Korean J Vet Res > Volume 65(1); 2025 > Article
An, Hong, Yoon, Kim, Yun, Kim, and Jung: Transatrial stenting for central venous obstruction caused by cardiac tumors in two dogs

Abstract

This study presents transatrial stenting as a palliative treatment for central venous obstruction in dogs with cardiac tumors. Two dogs presented with lethargy and respiratory distress. On diagnostic imaging, a large cardiac tumor with central venous obstruction was identified in both dogs. One dog showed pleural effusion, plethoric caudal vena cava (CdVC), hepatic congestion, and ascites. The other dog had cervical swelling and pleural effusion. Transatrial stenting was performed in the cranial vena cava, right atrium, and CdVC for the relief of caval and atrial compression due to cardiac tumors. Clinical improvement was observed post-procedure, despite thrombus formation within the stent in the second case. Endovascular transatrial stenting is a promising palliative treatment for venous return obstruction caused by cardiac tumors, effectively alleviating clinical symptoms and providing a viable management option.

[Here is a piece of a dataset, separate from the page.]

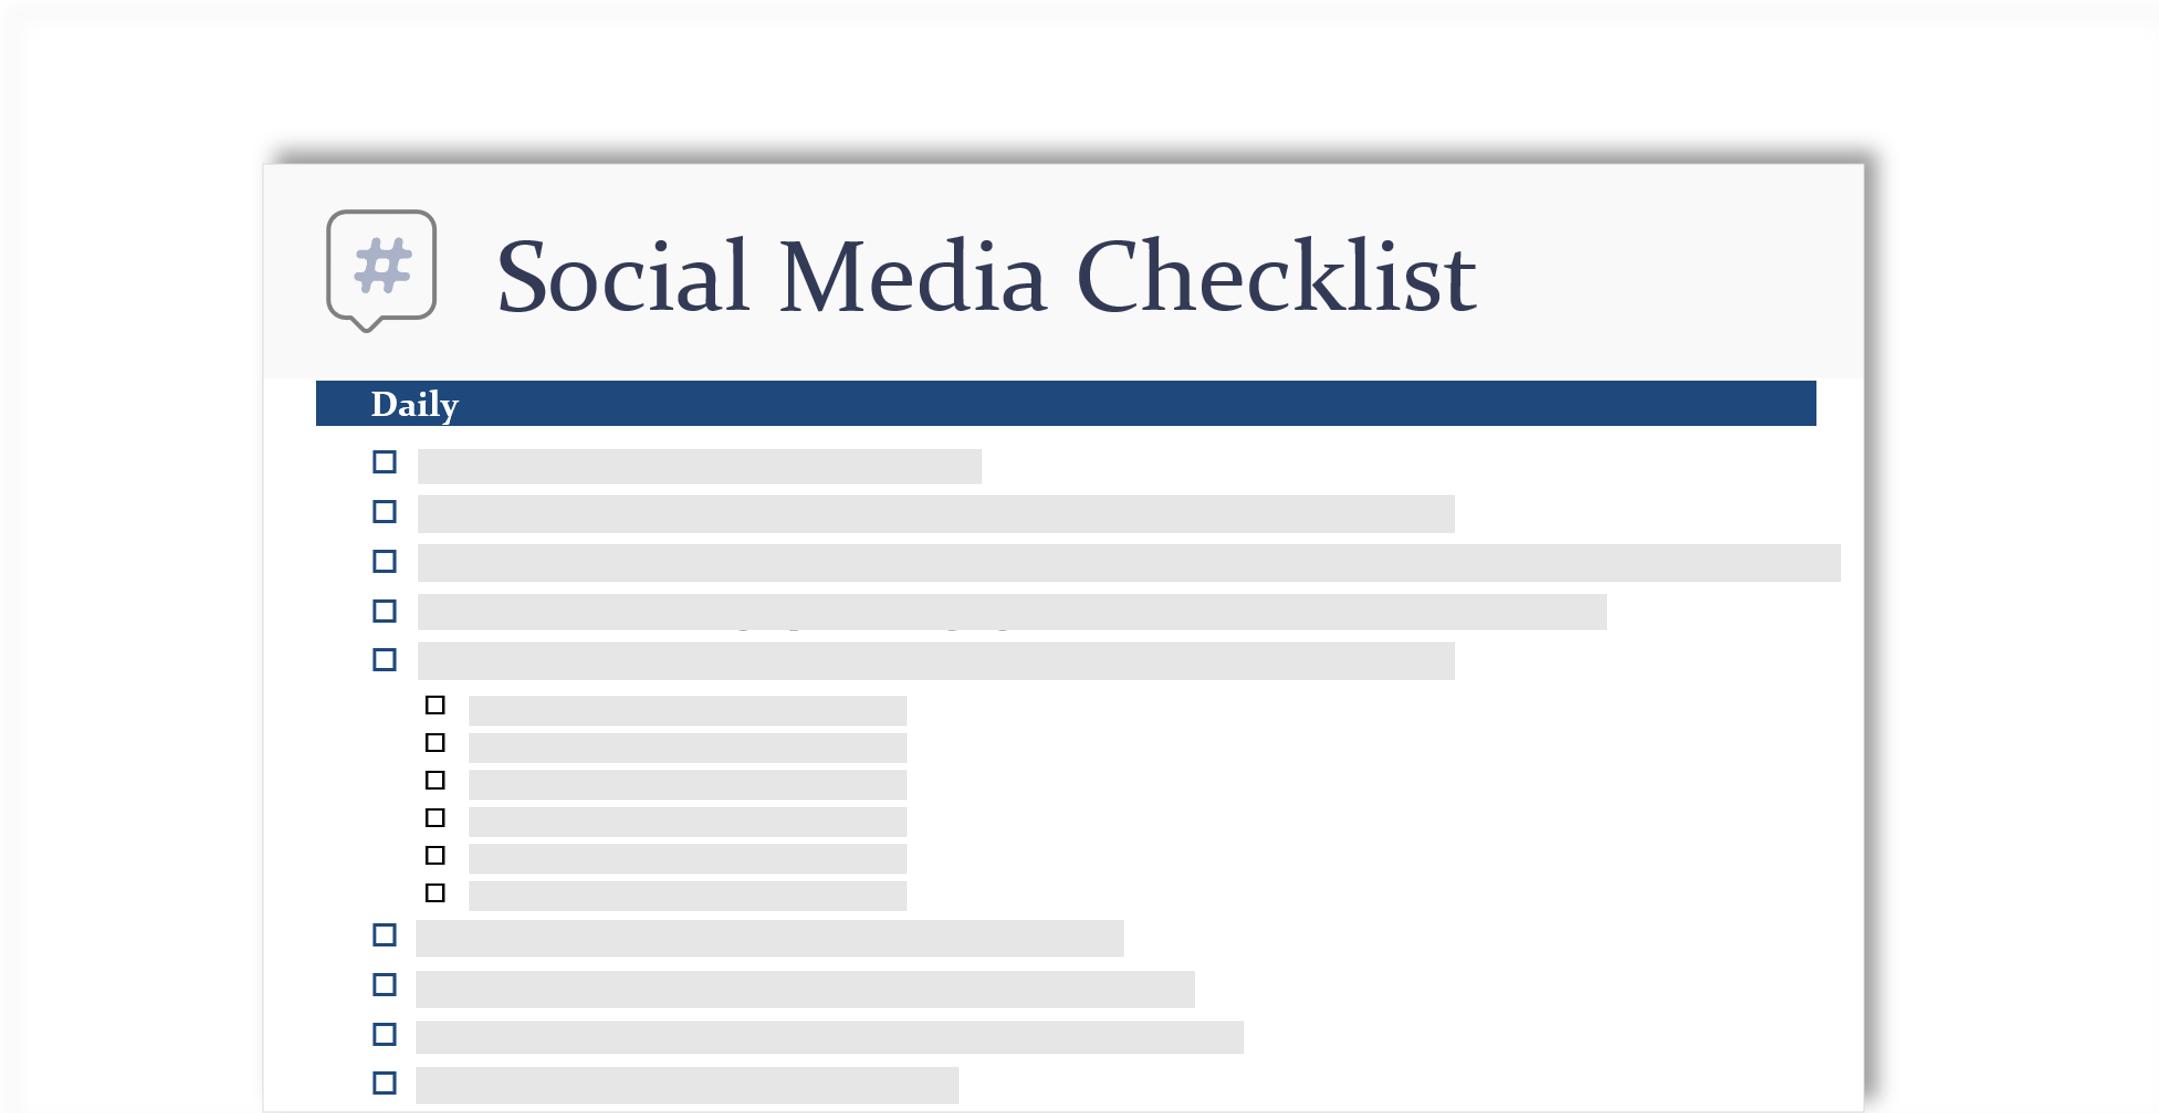 תמונה מושגית של רשימת משימות לביצוע של מדיה חברתית

Cardiac tumors in dogs, such as hemangiosarcoma and aortic body tumors, are often incidental but can lead to significant morbidity and mortality by altering cardiovascular function or causing central venous obstruction, pericardial hemorrhage and effusion [1-6]. Surgical resection is the most effective treatment option for cardiac tumors; however, it is often not feasible depending on the type, location, size, or extent of the tumor. Cardiac tumors may necessitate symptomatic management of tumor bleeding, arrhythmias, and central venous obstruction [1,4-6]. As an alternative to surgery, depending on the specific structures obstructed by the tumor, stents can be placed at the corresponding sites to relieve the obstruction [7-9]. Minimally invasive techniques, such as transatrial stenting, can alleviate tumor-induced vana caval obstruction [4]. This paper presents and discusses two cases of transatrial stenting in dogs with a cardiac tumor, including the diagnostic workup, stenting procedures, and intervention outcomes.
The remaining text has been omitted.